真の経皮的迷走神経刺激(tVNS)は、内側視床下部ー中前頭回(MFG)との機能結合、内側視床下部ー小脳との機能結合を有意に調整した。しかし、ハミルトンうつ病評価尺度(HAM-D)の改善とは相関がみられなかった。
fMRIの結果②
真の経皮的迷走神経刺激(tVNS)とシャム(偽)の経皮的迷走神経刺激(tVNS)ともに外側視床下部ー中帯状皮質(MCC)、外側視床下部ー被殻(putamen)の機能結合を調整した。
しかし、ハミルトンうつ病評価尺度(HAM-D)の改善とは相関がみられなかった。
考察
経皮的迷走神経刺激療法(tVNS)の抗うつ効果は多くの研究により、脳幹の延髄にある弧束核(NTS)から気分や感情の調節に関係している脳部位へ投射している迷走神経によるものと考えられている。
ニューロイメージングの研究において、経皮的迷走神経刺激療法(tVNS)が、視床下部や眼窩前頭皮質(OFC;orbitofrontal cortex)、頭頂後頭葉皮質(parieto-occipital cortex)、側頭葉(temporal lobe)、扁桃体(amygdala)、島(insula)、視床(thalamus)、海馬(hippocampus)、中心後回(postcentral gyrus)、側坐核(NAc;nucleus accumbens)、脳幹(brainstem)などの脳部位に幅広く影響を与えることが証明されている。
これらの脳部位のいくつか特に視床下部は大うつ病性障害(うつ病)の病因と寛解に関係している。
楔前部(precuneus)と眼窩前頭皮質(orbital prefrontal cortex)のデフォルトモード・ネットワーク(DMN)の機能結合の増加がうつ症状(ハミルトンうつ病評価尺度のスコア)の改善と関連している。
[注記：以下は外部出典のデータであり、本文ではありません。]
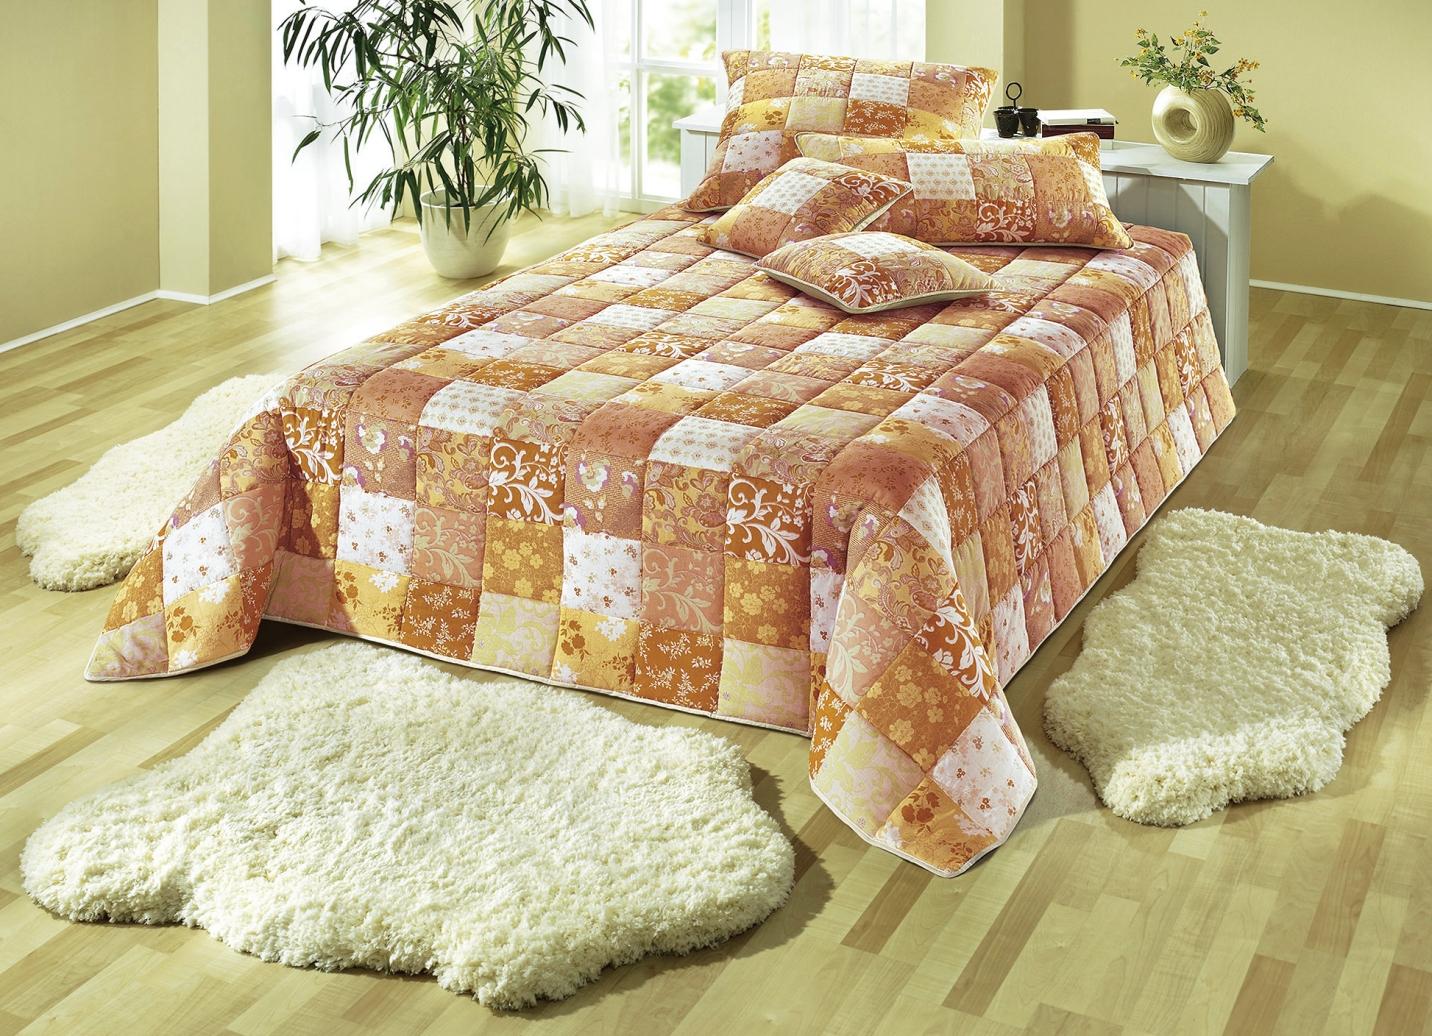 wohn accessoires in patchwork optik tagesdecken bader. Black Bedroom Furniture Sets. Home Design Ideas
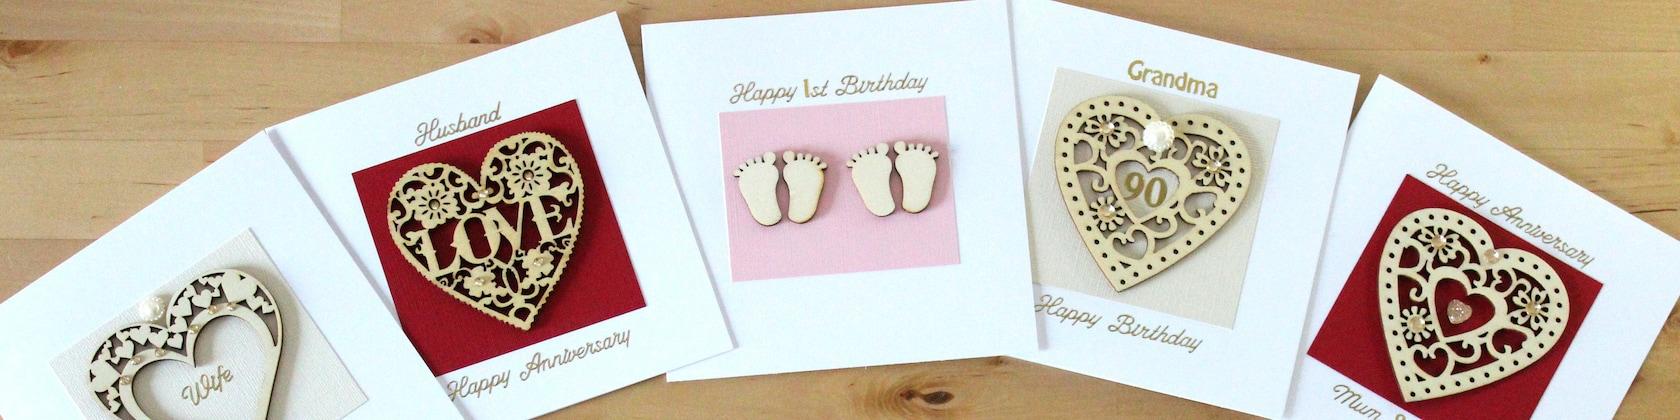 Greeting Cards Unique & Personalised von FyneHandmadeCards auf Etsy

したがって、経皮的迷走神経刺激療法(tVNS)が脳内の機能結合を調整し、その結果、うつ病の重症度を減少することができると考えられる。
結論
継続的な経皮的迷走神経刺激療法(tVNS)が、内側視床下部(MH)ー吻側の前帯状皮質(rACC)間の機能結合を有意に調節した。
経皮的迷走神経刺激療法(tVNS)による機能結合の調節とうつ症状の改善が有意に相関していた。したがって、内側視床下部ー吻側の前帯状皮質(rACC)との機能結合が、うつ病に対する経皮的迷走神経刺激療法(tVNS)の適確なバイオマーカーとなり、治療パフォーマンスを予想できるかもしれない。